Last reviewed: April 16, 2026 · By Dr. Ekta Gupta · Evidence tier labels apply on every claim (see our editorial policy)
Upakarma is a direct-to-consumer shilajit brand that has built strong visibility on Amazon India and its own website. It's positioned as "100% pure Himalayan shilajit" resin at approachable pricing.
This article compares Upakarma Ayurveda Shilajit Resin against Yeti Life Shilajit Resin side-by-side on form, published specifications, lab transparency. Pricing — using only publicly available information.

Upakarma Shilajit — Product Overview
Upakarma Ayurveda sells shilajit as resin, typically in 15g and 20g jars. The brand markets it as pure Himalayan shilajit, mentioning lab testing and traditional purification.
Typical pricing ranges from about ₹700-1,600 for 20g depending on the listing. This works out to roughly ₹40-80 per gram.
What Upakarma publicly discloses: form (resin), pack size, Himalayan sourcing claim, some lab testing references. What we could not find publicly disclosed as of publication: a specific fulvic acid percentage on a per-batch basis, a named third-party testing lab (such as Eurofins or SGS).
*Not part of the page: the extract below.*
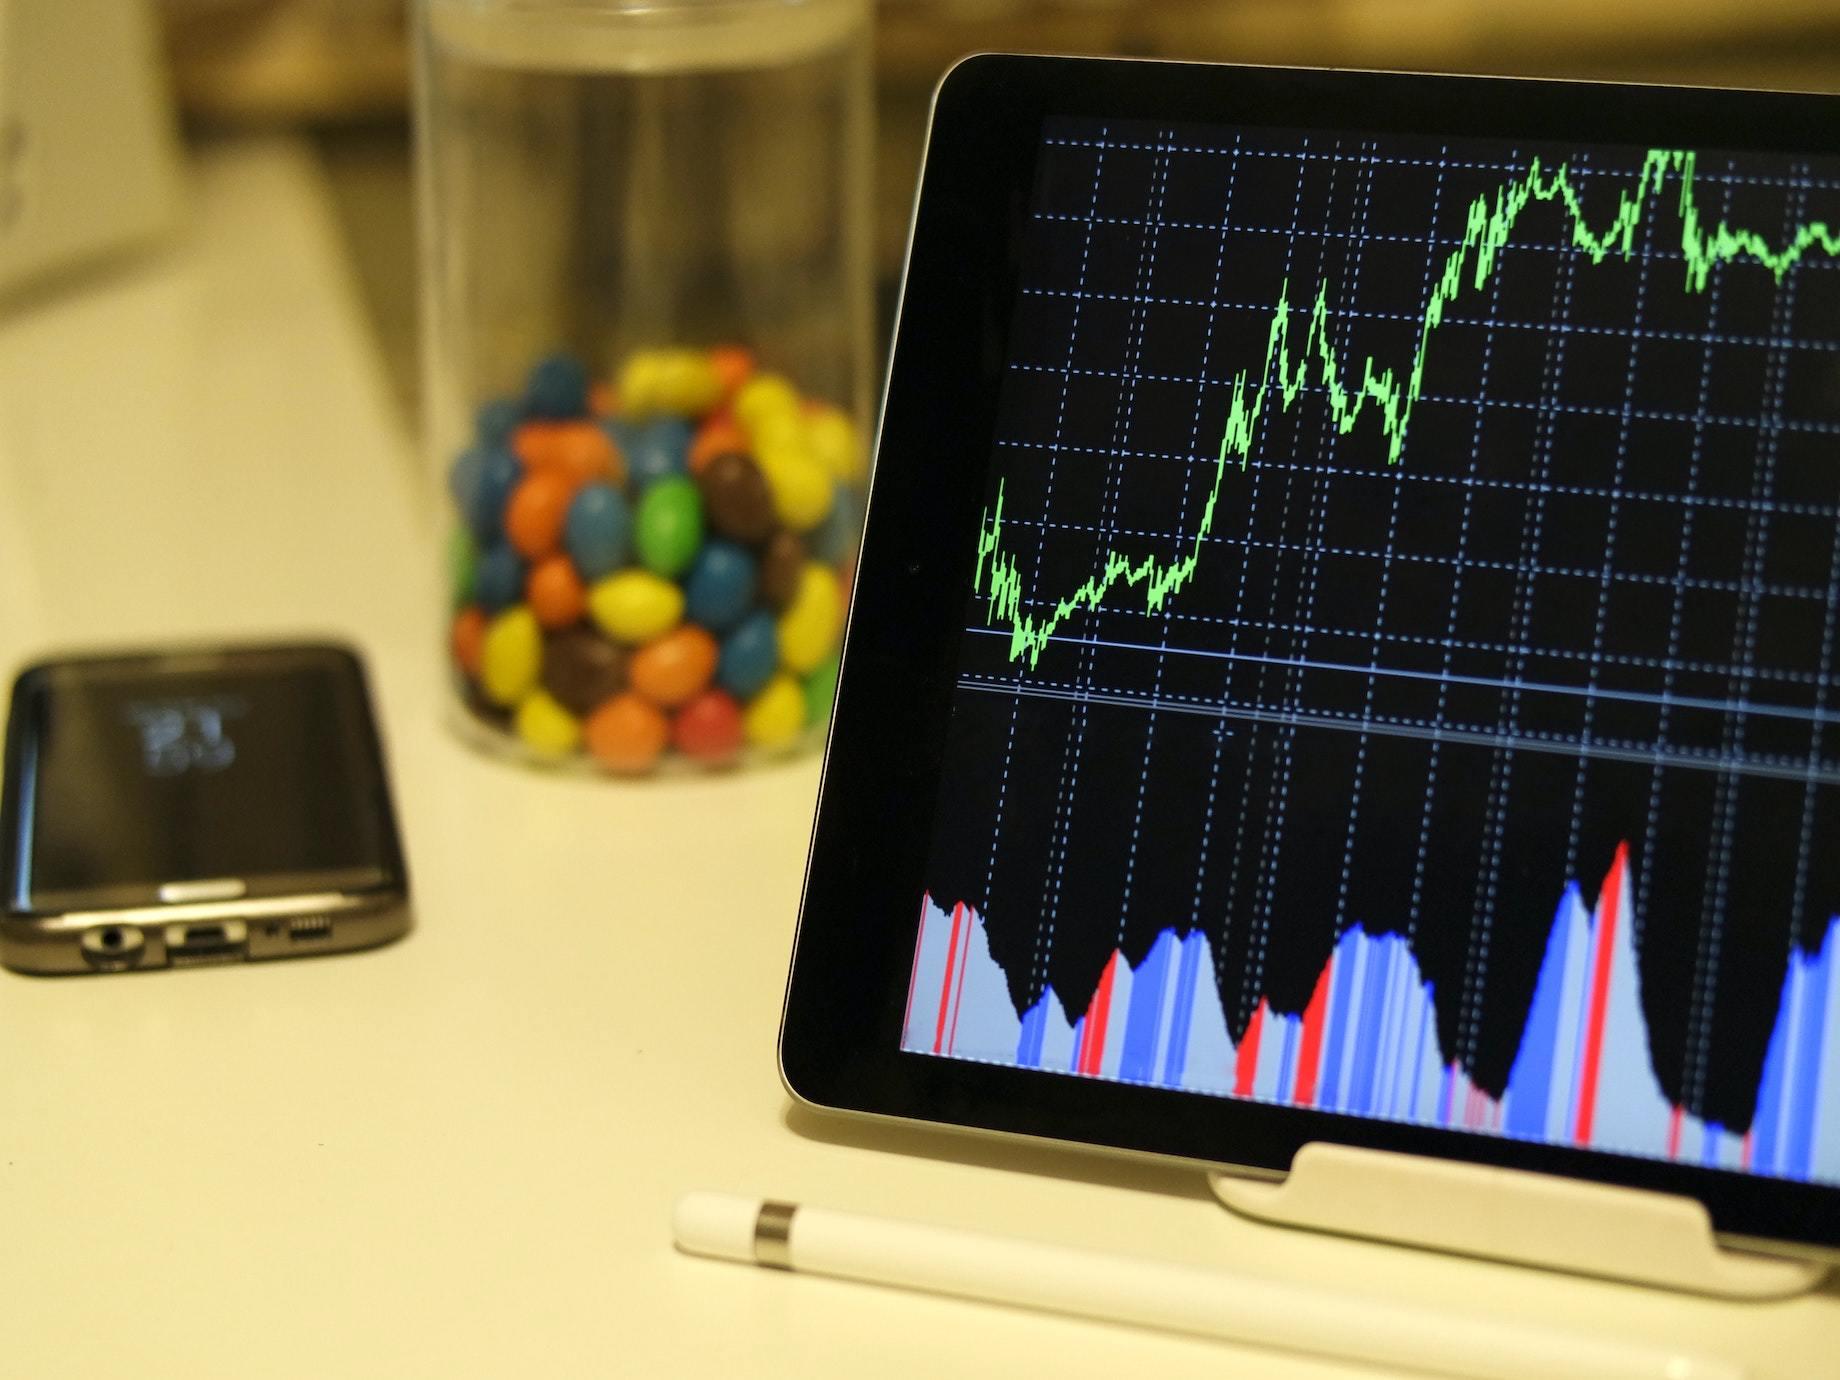 你是真的在投資,還是碰碰運氣?投資理財3大盲點,別再落入陷阱!

Downloadable per-batch COAs at the depth Yeti Life publishes.
Yeti Life Shilajit Resin — Product Overview
Single-ingredient pure Himalayan shilajit resin. 76.12% fulvic acid via Eurofins testing. Sourced from 16,000+ ft.
Packs: 15g, 20g, 30g at about ₹2,500-6,000.
Full batch COA archive at /pages/lab-results.
Form — Both Are Resin
This is a direct resin-vs-resin comparison, which removes the format variable. Both brands offer shilajit in its traditional concentrated paste form.
Usage is identical: dissolve a pea-sized amount (about 250-500mg) in warm water or milk, once or twice daily.
Lab Disclosure — The Core Difference
Both brands claim lab testing. Here's where the public disclosure differs:
- Yeti Life: Every batch tested by Eurofins. COAs published per batch at /pages/lab-results. Most recent: 76.12% fulvic acid.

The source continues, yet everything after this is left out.